In fact, the strongest headwind Esperanto constantly faces is Spanish. There's
already a romance language with absolutely systematic spelling, easy
pronunciation, simple grammar, and few irregularities. It's already the second
most widely spoken language on the planet, it has mountains of interesting and
elementary material, and there are lots of interesting people whom you can
meet only by speaking it.

It's hard for any rationalized romance language to gain traction against that.

------
sanxiyn
Once upon a time I translated "The lake island of Innisfree" to Lojban.

<http://tech.groups.yahoo.com/group/lojban/message/19725>

Lack of reading materials is a problem, but I found that I enjoy writing or
translating as much as reading.

------
andrewflnr
I would have liked to see more explained samples and less philosophy. The
draft version of the book digs right in and starts explaining how it works.
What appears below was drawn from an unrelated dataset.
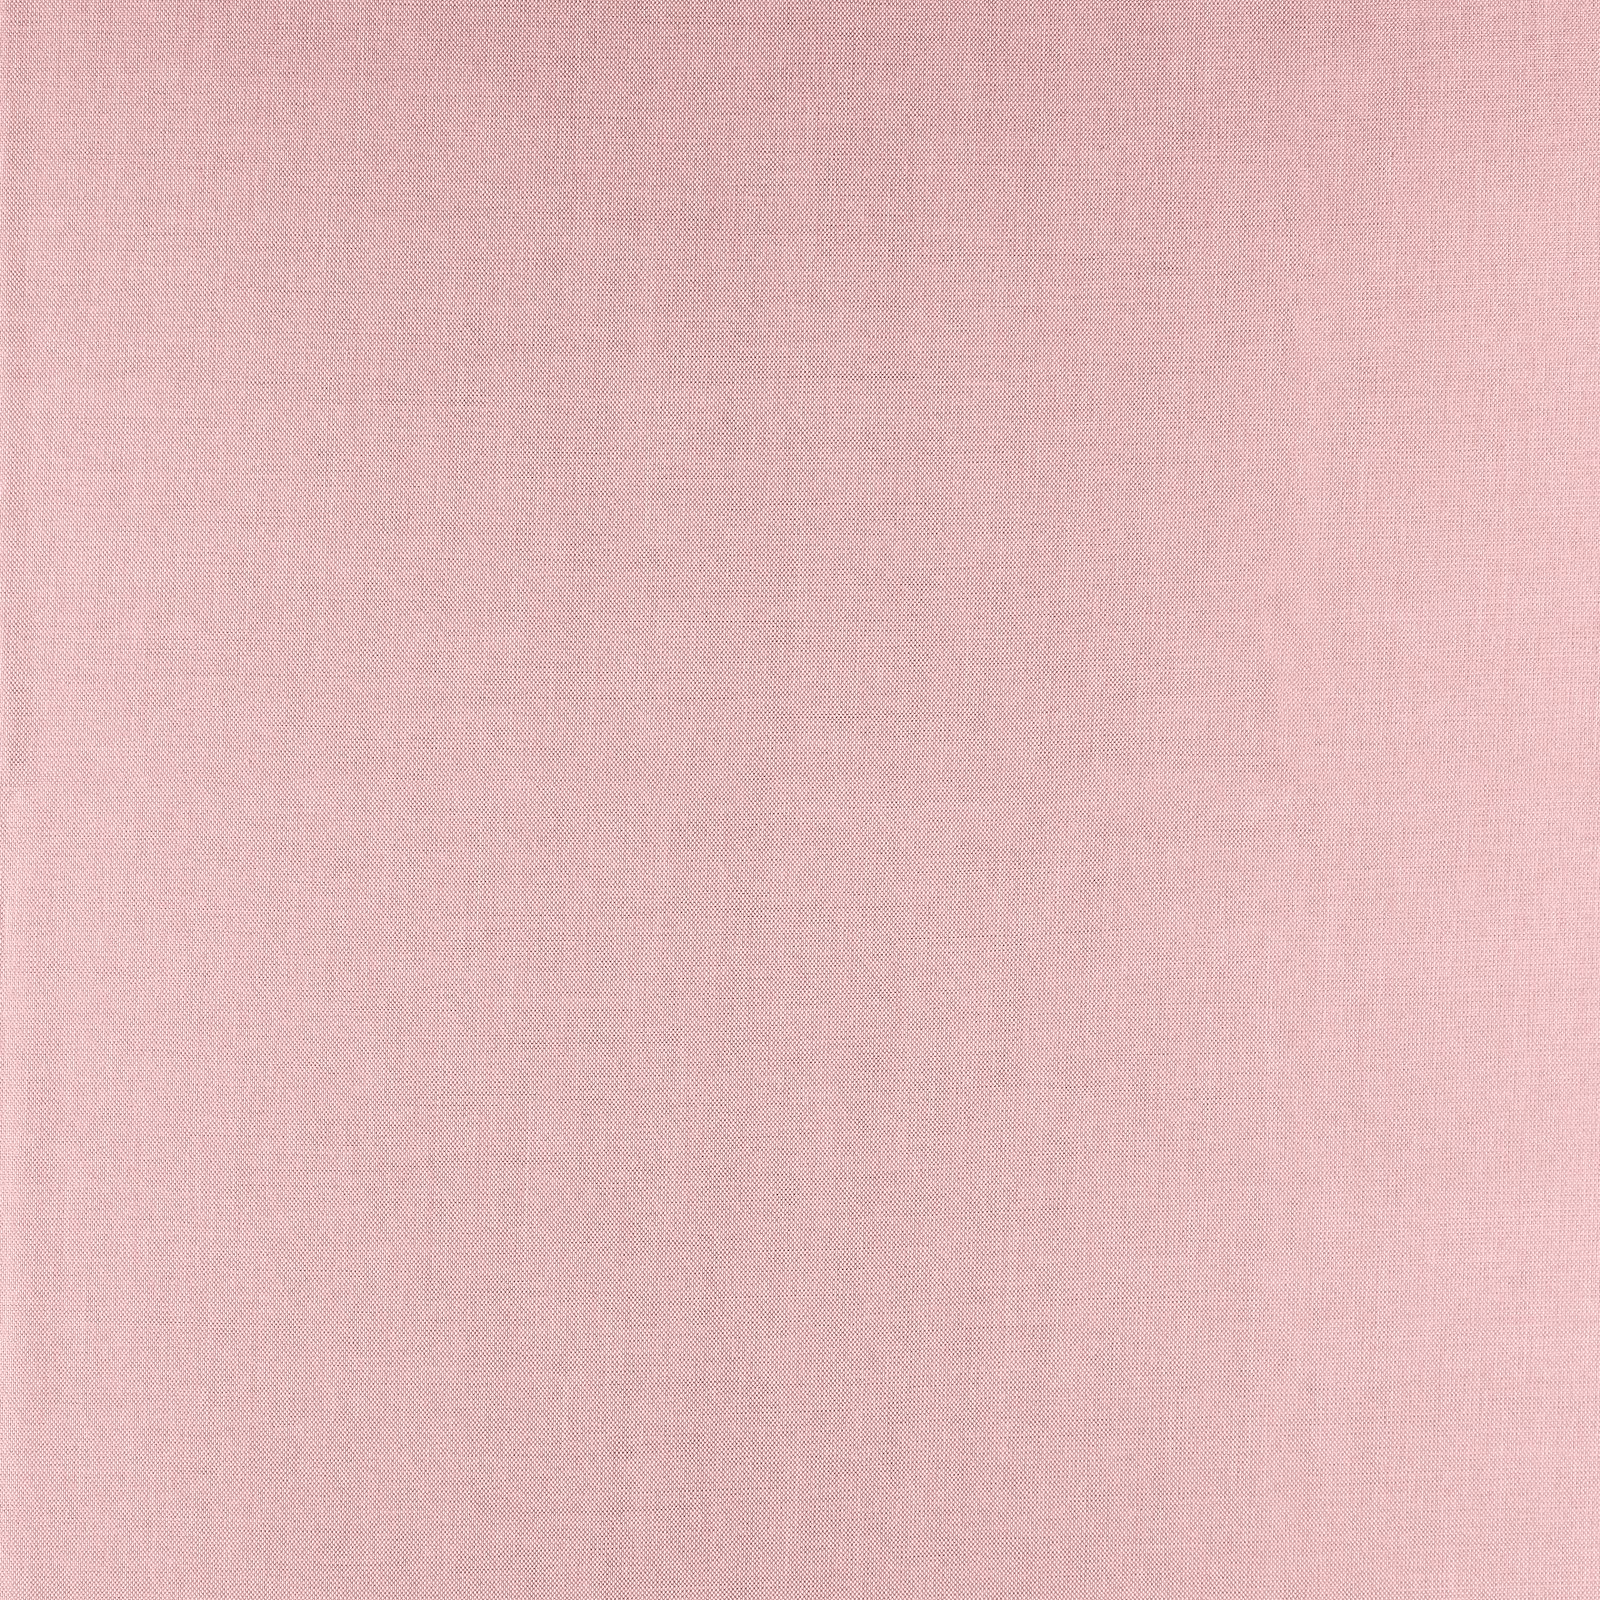 Møbelstruktur baby pink melange 826588_pack_solid

[http://www.lojban.org/publications/reference_grammar/chapter...](http://www.lojban.org/publications/reference_grammar/chapter2.html)

------
loup-vaillant
It just hit me that Eliezer Yudkowsky's Methods of Rationality's Parseltongue
bears a resemblance to lojban: its limited vocabulary force its speakers to
describe complex concepts with simpler terms, which makes the whole extremely
readable.

------
Newky
Is there any resources such as an IRC channel, or chat room to train and use
lojban.

Its most definetely a exciting concept, and one which I would consider
pursuing.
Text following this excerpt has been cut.